Making Noise to Heat Up Materials Science

September 20, 2019 | By Cynthia Dillon

Simulation showing that how the active intruders move impacts how annealing occurs.Simulation showing that how the active intruders move impacts how annealing occurs. Graphics courtesy of Jérémie Palacci

Clashing swords make for a lot of small- and big-screen drama—both in sound and structure of the weapons. The pliable strength of these tools comes from the way they are made—heating up metal until it’s red hot, then cooling it off in a controlled way to obtain the desired sword-like properties. Technically, this process is called annealing, and it is at the heart of the latest work by Jérémie Palacci, soft matter physicist at UC San Diego.

The research by Palacci and his colleagues, as outlined recently in Nature Communications, involves active microparticles in a passive monolayer of micrometric beads. Essentially by adding particles the researchers turn up the volume on internal activity. This “heating” from inside can control materials and lay the groundwork for further development of materials science beyond equilibrium—the static or passive state.

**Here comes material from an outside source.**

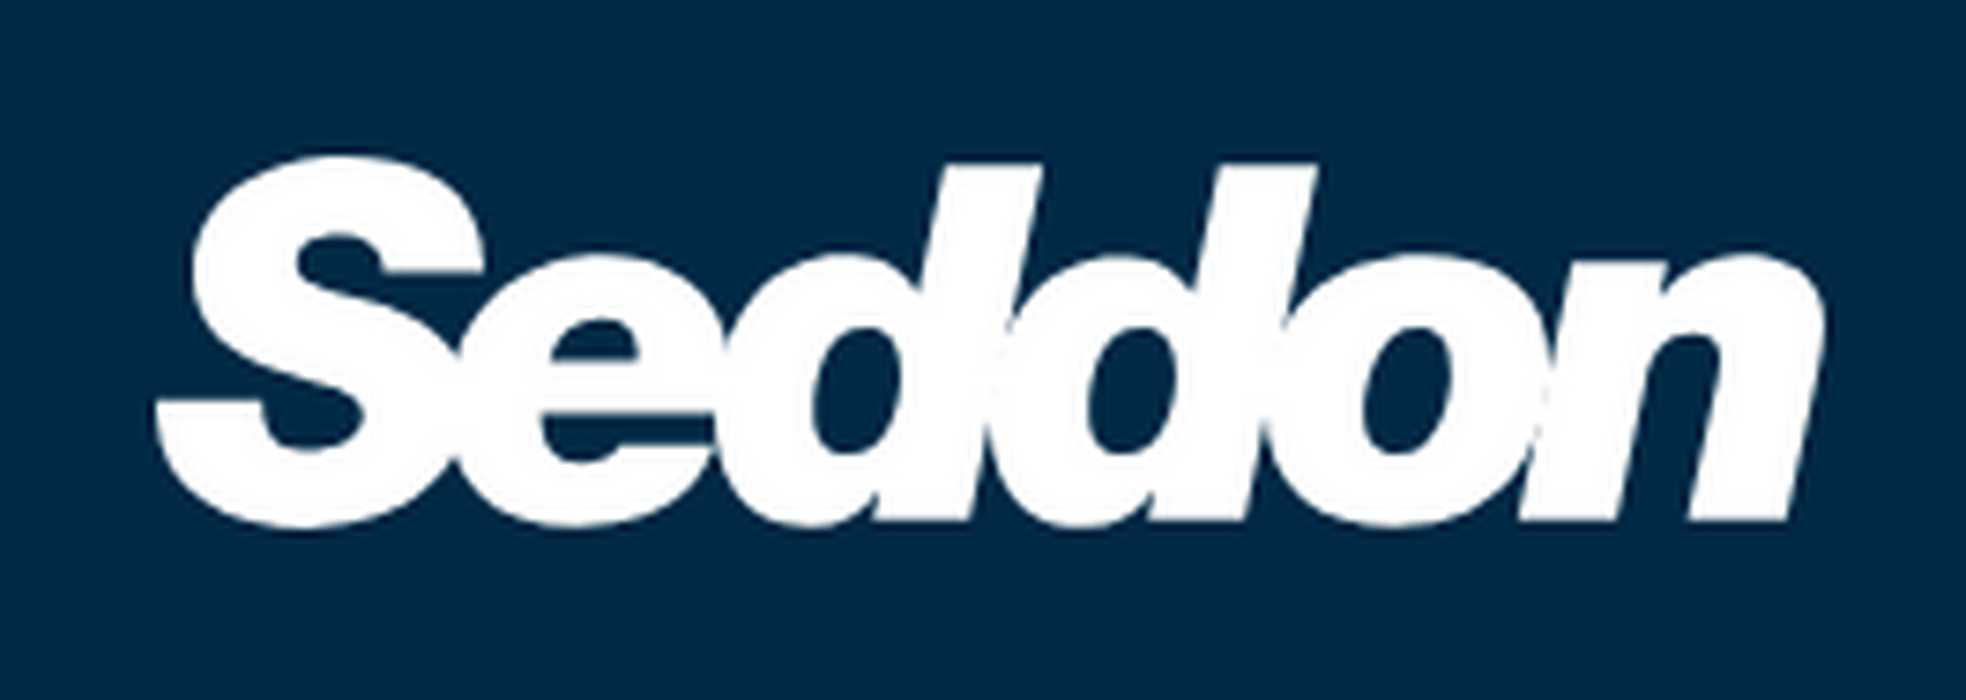 seddon-logo

Instead of actually cranking up the temperature to remove the defects in the crystalline structure, Palacci and his former lab members, Sophie Ramananarivo and Etienne Ducrot, embedded a small fraction of active agents—“doped” particles or “active intruders”—inside the crystalline structures.

“The passive particles are lazy, they barely move, and the crystalline structure is stuck with defects,” explained Palacci. “The active particles, on the other hand, are very mobile and energized—they run around, bumping into everything—so that only a small number of them generates enough mess to agitate the structure and anneal the whole crystal.”

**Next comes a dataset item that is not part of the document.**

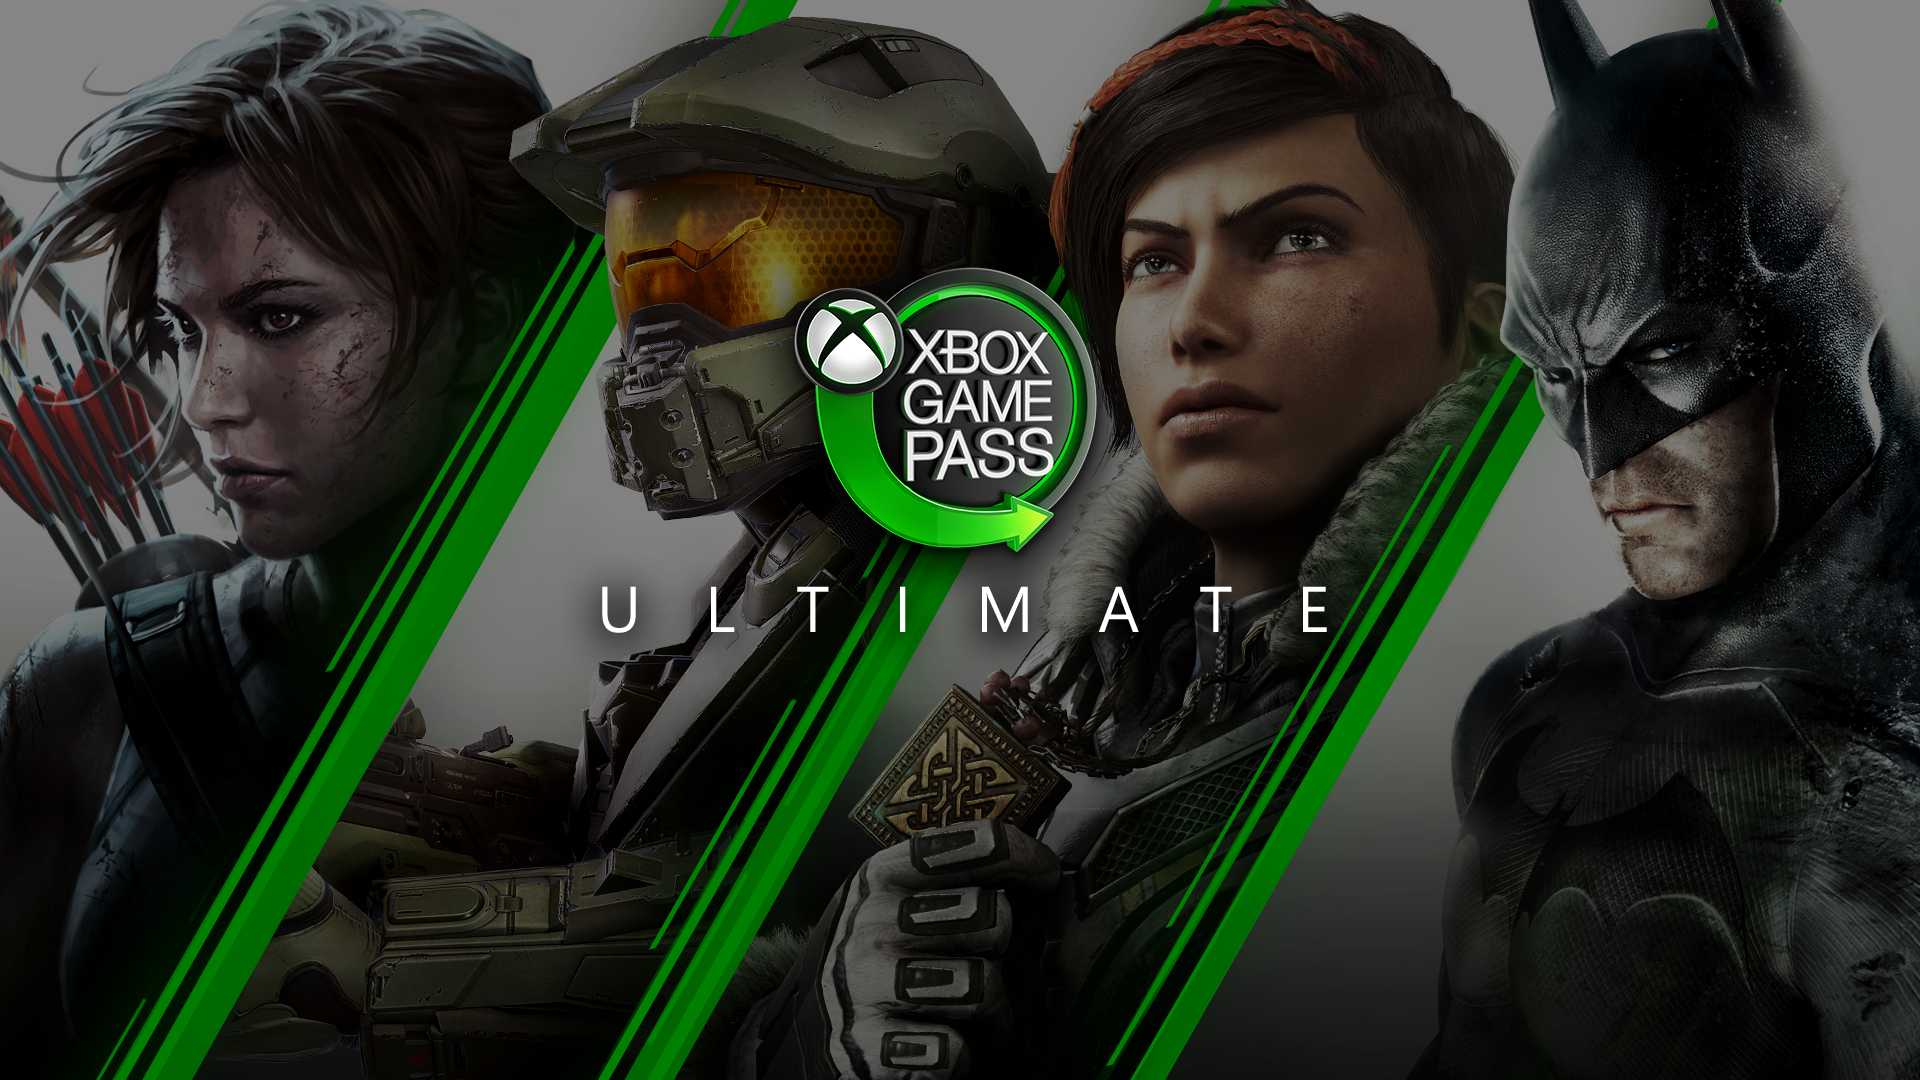 Xbox Game Pass Ultimate - Assinatura 1 Mês - Escorrega o Preço

According to the researchers, since the activity of the active particles can be controlled with light, the team was able to control the annealing at the microscale, offering the first experimental demonstration of a man-made material internally controlled by active noise.

“We just added one percent more particles—without actually changing the temperature. The added particles make a mess that infuses enough energy to fix all the defects,” said Palacci.

The UC San Diego assistant professor of physics noted that the team even realized that how the active intruders run around matters. According to Palacci, it made the effect a lot more subtle and interesting than just cranking up the heat “like they did in olden times.”

 “The control of internal fluctuations paves the way to the tuning of material properties, as well as the engineering of bio-inspired sensors, harnessing active noise for enhanced accuracy,” said Ramananarivo.

This research was supported by the National Science Foundation (grant nos. DMR-1554724 and DMR-1610788), the Sloan Foundation (grant no. FG-2017-9392) and the NYU IT High Performance Computing resources, services and staff.